A pioneer in the erotic genre, Bronx-born Radley Metzger is recalled for a series of frank features in the 1960s and 70s that were aimed at a mature audience. In comparison with later R-rated fare, his European-flavored artsy movies contained far less explicit sex but in their day, his films were considered adventurous.

Metzger has claimed that because of allergies, he found a refuge in movie houses in his NYC neighborhood while growing up. After beginning graduate studies at Columbia University, the future filmmaker entered the US Air Force during the Korean War and found himself working in the film unit. Upon his return to civilian life, Metzger applied his new knowledge to a career in show business, landing editing work on trailers for art-house fare at Janus Films in NYC. Janus distributed features by such gifted artists as Fellini, Bergman and Godard and Metzger eventually graduated to distribution. He and Ava Leighton co-founded Audubon Films in the 1960s. By that point, Metzger had segued to movie making with "Dark Odyssey" (1958), which he co-directed and co-wrote with William Kyriakis. A revenge drama about a Greek sailor who arrives in Manhattan with plans to avenge his sister's rape, the black-and-white film was independently distributed by Metzger and had the dubious distinction of setting the record for the lowest gross at the theater at which it played.

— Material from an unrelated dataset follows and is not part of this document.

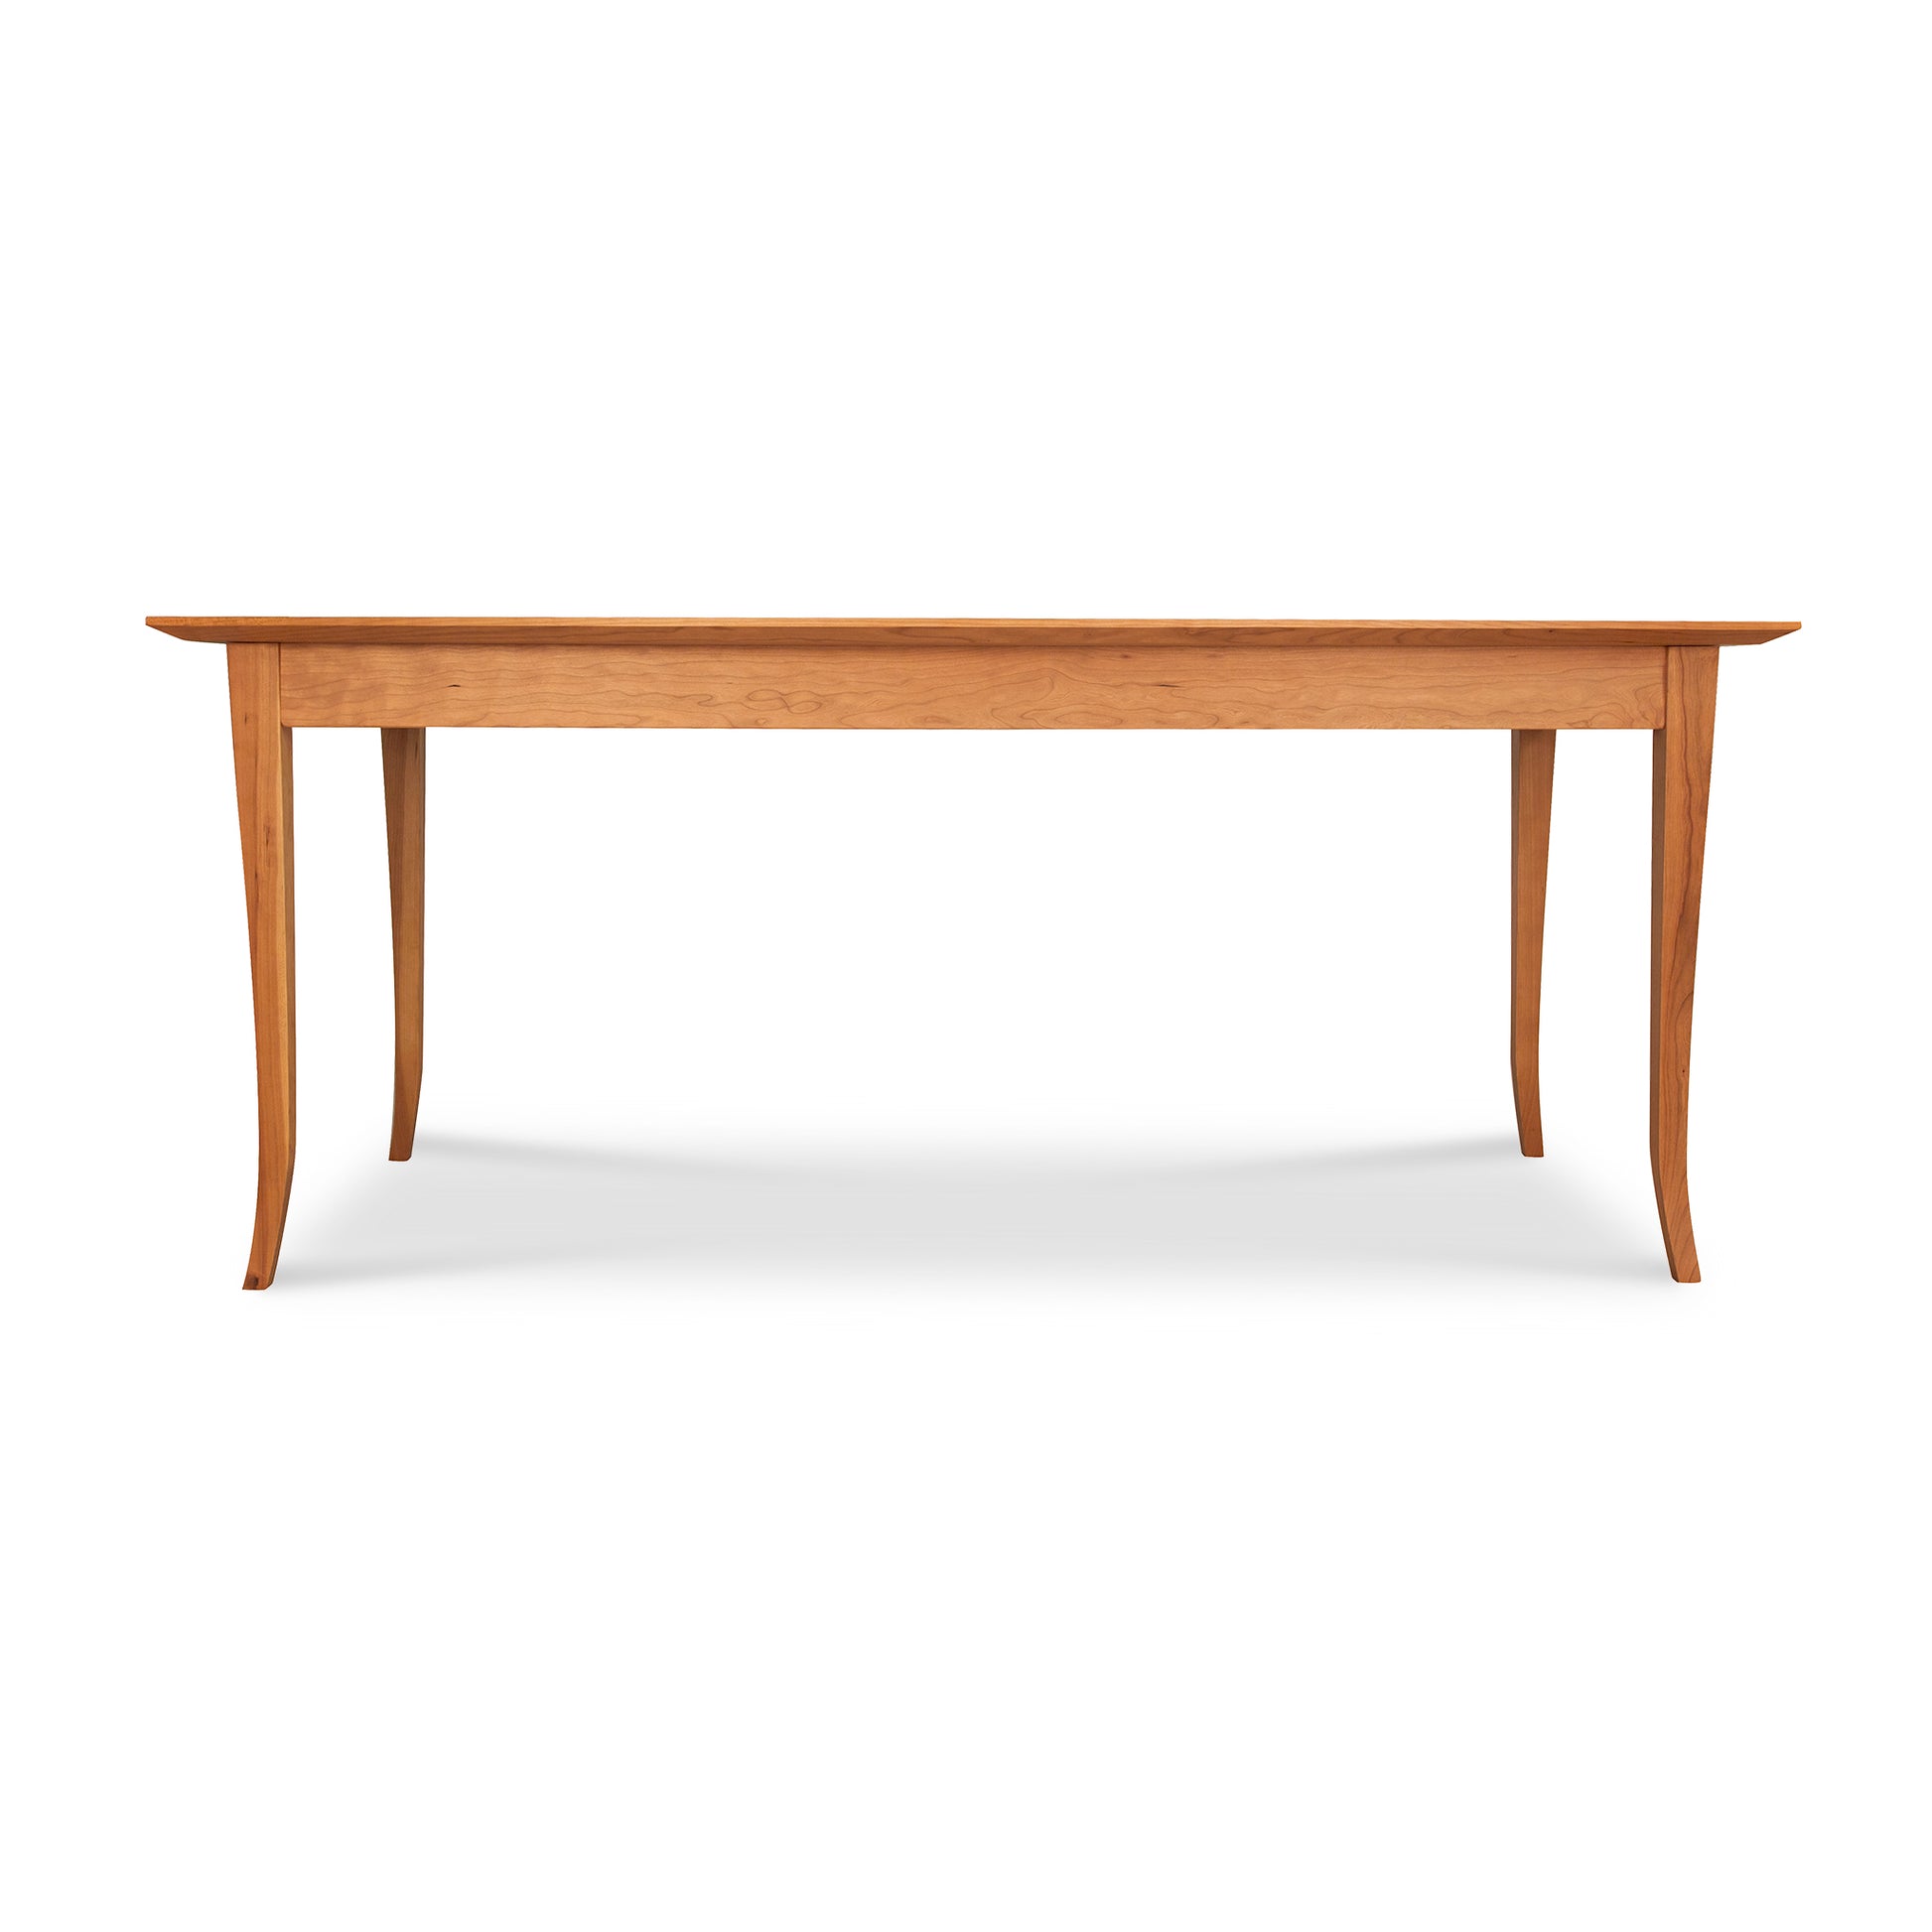 A Classic Shaker Flare Leg Solid Boat Top Table by Lyndon Furniture with a wooden top and flare legs.

Metzger went Hollywood to serve as editor on the sole feature directed by actor Walter Matthau, 1959's "The Gangster Story." He then concentrated on distributing art-house and adult-themed fare, including 1959's "I Spit on Your Grave" and 1966's "I, a Woman." By 1965, Metzger had resumed his directing career with "The Dirty Girls." His soft-core features became noted for their lush and high-gloss look, a cross between a "blue" movie and the foreign features he often imported. Mostly shot on location in Europe, his films pushed the envelope in terms of sexual content but amazingly were reviewed by mainstream critics (like Vincent Canby) and promoted on American television talk shows.

In 1968, he made what many consider his erotic masterpiece, "Therese and Isabelle," about the relationship between two young girls attending boarding school in France. He went on to make the futuristic "Camille 2000" (1969), loosely based on the Dumas classic, "The Lickerish Quartet" (1970), what he considers his "most personal" film drawn from (of all things) Pirandello's play "Six Characters in Search of an Author," and "Score" (1972), a sort of modern-day "La Ronde" based on an Off-Off-Broadway play by Sylvester Stallone that marked the beginnings of his transition into more hard-core material.

Initially reluctant to move into the "hard-core" arena, Metzger took the plunge in 1975 with "The Private Afternoons of Pamela," but he took his credits under the pseudonym Henry Paris. Because of that film's unexpected financial success, he continued in the same vein adding even more explicit sex to such efforts as "The Opening of Misty Beethoven" (1976) and "Maraschino Cherry" (1978). Returning to more mainstream fare (and again credited as Radley Metzger), he wrote and directed the 1979 remake of the horror classic which earned fairly respectable reviews. His last work (to date) was the soft-core "The Princess and the Call Girl," made in 1984 for the Playboy Channel.